Examples of Built-in Scripts

Bulk Fix Resolutions

Let’s check out the Bulk Fix Resolutions script to get an idea of how built-in scripts work.

At Great Adventure, the server team imported a project from their test instance, and their resolution status, Upgraded, didn’t carry over, so they need to change all Done statuses to Upgraded. This is causing problems for the project manager; her reports are incomplete. She could fix it manually, but that would take far too much time. You can easily run the Bulk Fix Resolutions script to correct the errors. This script will take the issues in a filter and alter their resolutions all at once.

  1. From the Add-Ons section of the Administration menu, choose Built-in Scripts.

  2. Next, click Bulk Fix Resolutions.

  3. Set the filter as appropriate, and choose the proper resolution. In the following image, the Filter ID field has a filter created to find all the issues that have been resolved incorrectly, and the New Resolution field is set as Upgraded.

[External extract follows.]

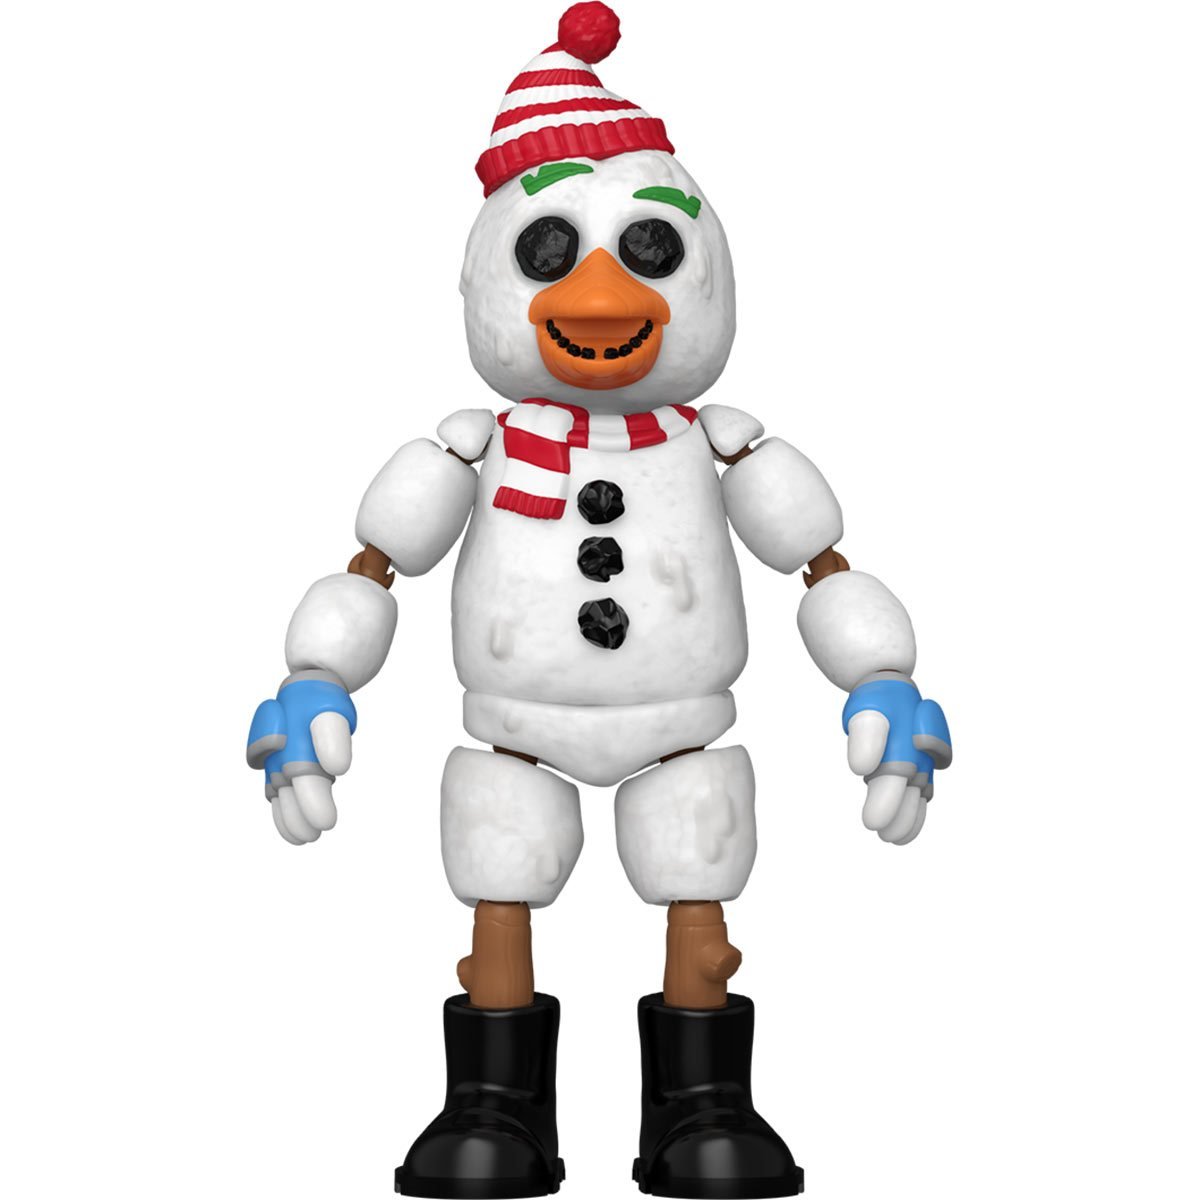 Funko Plush: Five Nights at Freddy's - Holiday Chica

    The Bulk Fix Resolutions screen with example configuration.
  4. Click Run, and the results appear. This function can be extremely useful for a quick fix to multiple issues that have the incorrect resolution. If you wanted to ensure that this action was carried out on a regular basis, you could use the Escalation Service built-in script, which we’ll look at next.

Escalation Service

Let’s say that there’s an issue edit request that you keep seeing pop up in your queue. It seems like every few days you’re getting the same request. To automate periodic changes to a set of issues defined by a filter, you could use the Escalation Service built-in script.

  1. From the Add-Ons section of the Administration menu, choose Built-in Scripts.

  2. Next, click Escalation Service.

  3. Click Add New Service.

  4. Enter the appropriate information in the fields:

    1. Description is the name of the service. A good descriptive name is priceless…​

    2. JQL Query is the search string that will produce the issues that need modification. This could be copy and pasted from a filter.

    3. As User is looking for which user will execute the alteration. Double-check to make sure that this user has the appropriate permissions.

    4. Interval/Cron Expression defines how often / what day of the week the escalation service runs. For help creating a Cron expression, see here. The following example will run at 8:00am every Monday morning.

    5. Action allows you to choose from a wide range of pre-defined actions and workflow transitions in your Jira instance.

    6. Additional Issue Actions allows you to insert an in-line or external script into the service. Use Expand Examples to access some useful recipes, or head over to the documentation for more.

    7. Transition Options allow you to choose which transition operations you’d like to forego.

      The Escalation Service screen with example configuration.
  5. To run the service immediately, click Run Now. To allow the service to run at it’s set time, click Add Service. You see a result screen after either option is selected.

Built-in Scripts are a quick and convenient way to solve a lot of administrators and users requirements. From powerful administrative tasks such as View Server Log Files to fine tuned automation with the Escalation Service, built-in scripts are easy to set up and run.